Interessante comunque la parte iniziale, che illustra le convenzioni e i topoi di questo "genere letterario", gli espedienti narrativi, gli elementi fissi e che si ripropongono attraverso i secoli e le latitudini perché il pubblico semplicemente si aspettava di trovarceli. Forse ci sarebbe stata bene anche qualche illustrazione, e un maggior numero di mappe (molti luoghi citati, se erano lontani e misteriosi per i viaggiatori medievali, non sono poi molto più facili da collocare sul planisfero neanche per me!). Colpisce la mancanza di un apparato di note all'altezza, ma è appunto precisa volontà dell'autore, che rimanda unicamente alla bibliografia in fondo al volume.

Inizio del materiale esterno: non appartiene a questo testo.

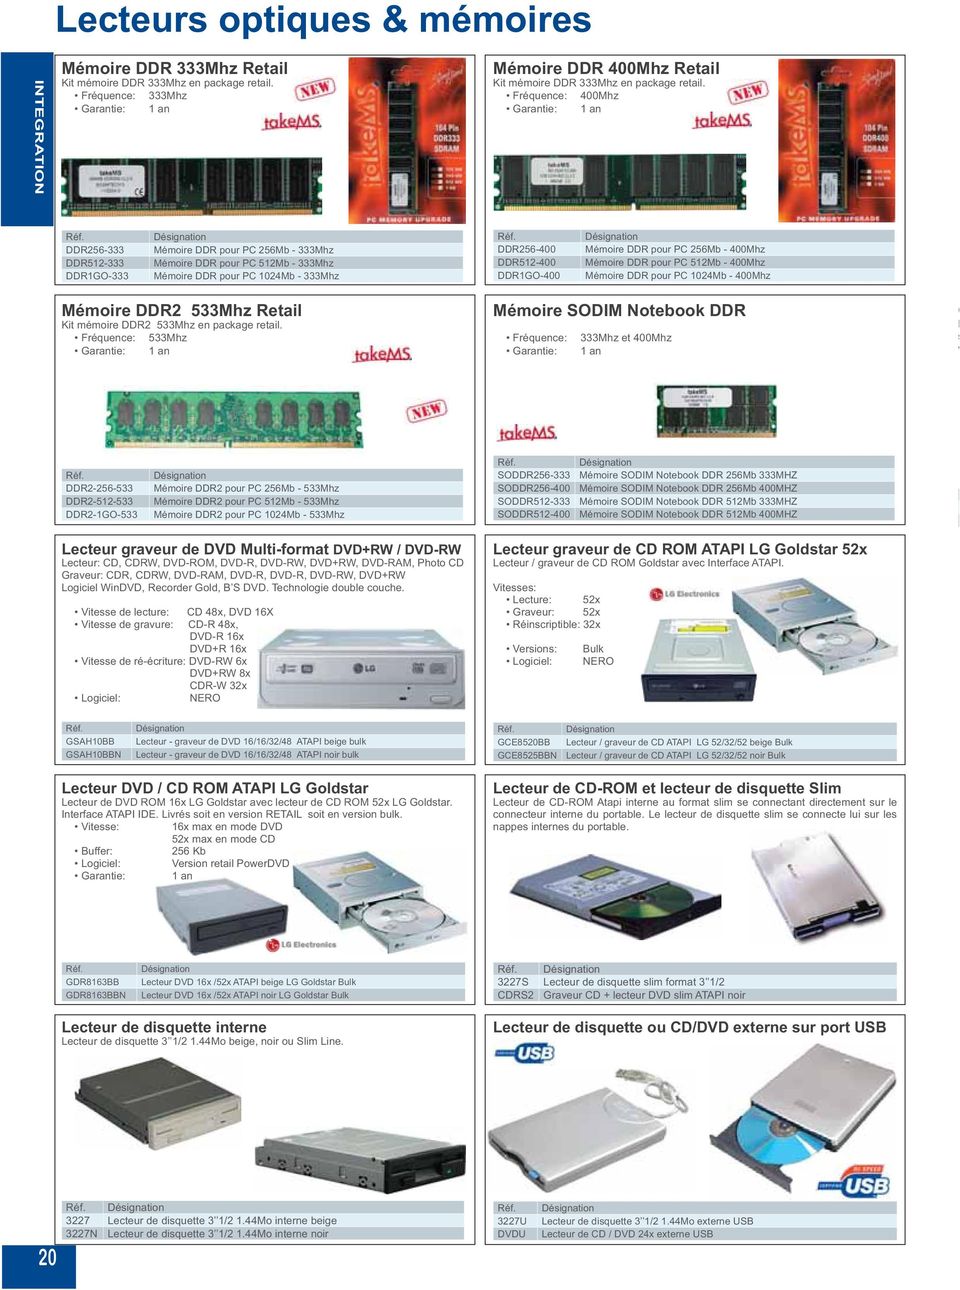 DDR pour PC 256Mb - 400Mhz Mémoire DDR pour PC 512Mb - 400Mhz Mémoire DDR pour PC 1024Mb - 400Mhz Mémoire DDR2 533Mhz Retail Kit mémoire DDR2 533Mhz en package retail.

Molto fastidioso, infine, lo stile adottato: Duccio Balestracci, che ho ascoltato anche dal vivo e che ricordo infatti come una persona molto simpatica, qui si lascia un po' troppo andare al cabaret: sarò esageratamente seriosa, ma se leggo un saggio storico non cerco una prosa eccessivamente brillante e continui commenti spiritosi, un linguaggio frivolo o capitoletti con titoli a effetto ("Rotta per casa di Dio"???).